I would like to introduce to you Frantz.

He was my buddy.
The most unique and sweet guy I've met in quite some time.
We don't stay in touch quite like I'd like to, but he's always on my mind!
I hope you are doing well, wherever you are!!
I miss your smiling face :)
Come visit in Texas sometime soon!



I packed my TIARA!


We are off!
Mehle and I are going to Gladewater this weekend for Jayde's 5Th birthday!
It's a princess themed birthday party!
I can't believe how fast my little Tator Tot is growing up!
And we'll get some much needed sister time in :)
**the below pictures were from Mehle's Graduation...we went in for an over enthusiastic hug...we fell**









Remember, no matter where you go...there you are.


I don't believe in "perfect moments" anymore.
I don't believe because ANY moment can be perfect.
It's "perfect" because you decide it's perfect.

**image via postsecret

Wednesday, October 7, 2009

You WILL love it!

The Twilight Saga: New Moon Trailer


I was not allowed to think of him. That was something I tried to be very strict about. Of course I slipped; I was only human. But I was getting better, and so the pain was something I could avoid for days at a time now. The tradeoff was the never-ending numbness. Between pain and nothing, I’d chosen nothing.-Bella Swan

Make FUN if you must. But these books are wonderful.
And they make me happy!
So what if I jumped on the mainstream bandwagon?
You should too!

Something to look forward to!!
November 20th
You can't get here soon enough.

Open Letters:

I think I'm going to try to post an "open letters" blog each week.
Just short little letters to whoever or whatever I need to say something to.


Dear Mehle,
I'm sorry I wore your new shoes. And I'm sorry that I haven't told you about it yet.
Love,
The shoe burglar


Dear Hair,
I don't like you. I liked you before I got you cut. Now you just look like a stupid football helmet on my head. Thanks allot. Now grow back out.
Love,
The fat head you lay on

Dear Dita Von Teese
You're so pretty. How do you do it?
Love,
The jealous girl


Dear Paycheck,
Please get bigger. Thank you.
Love,
The poor person who needs to live within her means.

Dear Weather
I like it when you have a slight chill. I like to bundle up.
Love,
The snuggler


Dear Yukon
I have neglected to get your oil changed for a couple weeks. I promise, though, that I will take care of you as soon as I can. Maybe you should talk to my paycheck about getting bigger. That would help allot.
Love,
Your terrible owner

Dear Cheese Soup
you, my friend, are delicious! (Rotel and Velveeta)
Love,
Your faithful fan


Dear Bella,
I miss you so much! And I miss your Mommy! Please come stay with me for awhile!
Love,
The one who squeezes you a little too much.

Honest to blog!

Thanks to sweet Belen I have been tagged again :)
http://einahpetsneleb.blogspot.com/2009/10/honestly-tagged.html

This time, though, I'm going to try to dig out 10 things you don't know about me. I posted 10 random things back in July. Then got Tagged again by Marisa and answered the questions that were added .
So here is 10 MORE randoms :)

1. I like to eat salt and vinegar chips on pizza. (If this isn't the epitome of a fat girl I don't know what is)

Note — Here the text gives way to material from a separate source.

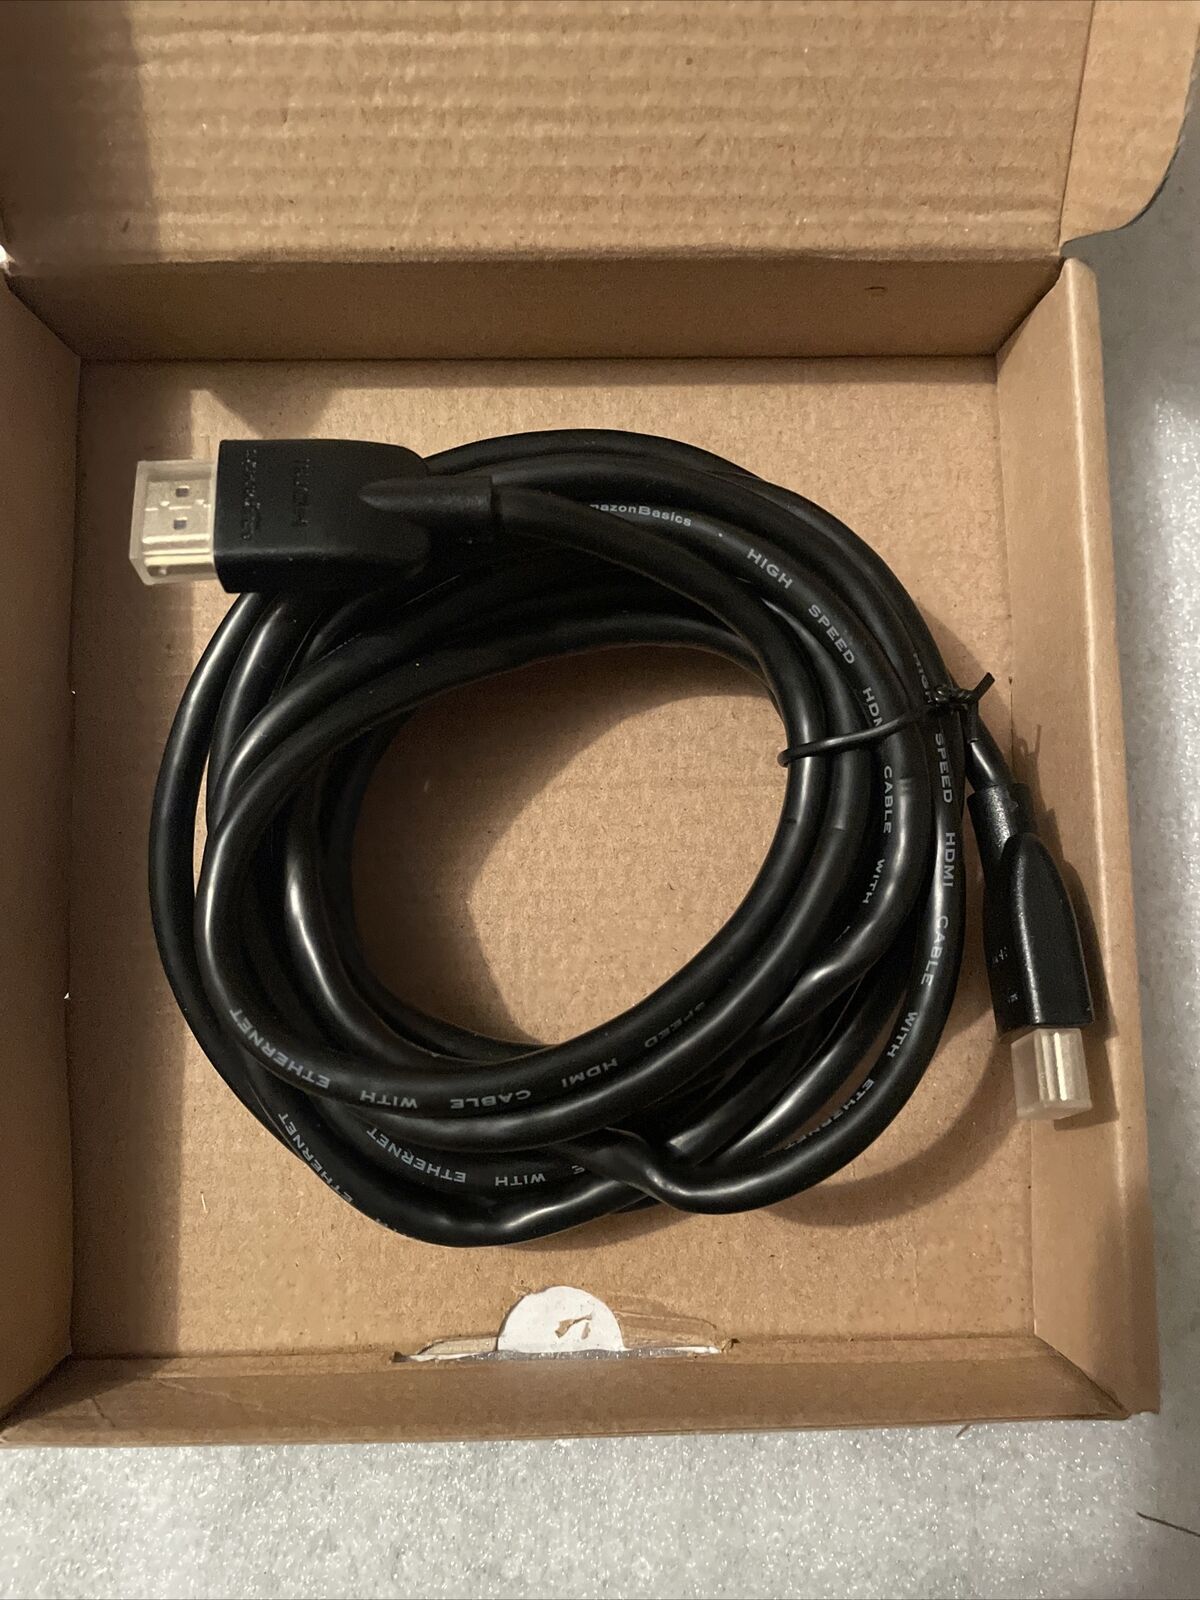 Amazon Basics HDMI Cable Cord, 10-Ft Black

2. I have a real anxiety about being late. Late to work. Late for a lunch date. I'm usually early. Sometimes so early that I'm waiting and getting mad. haha.

3. I have really bad bad bad heartburn. Yes, acid reflux. Like a ninety year old man.

4. I like to wear huge jewelry. I'm going to be the old woman hunched over as a result of years upon years of wearing jewelry that's entirely too big/heavy. (the necklace below is one I would like....if you feel the need to buy it for me then you should go right ahead)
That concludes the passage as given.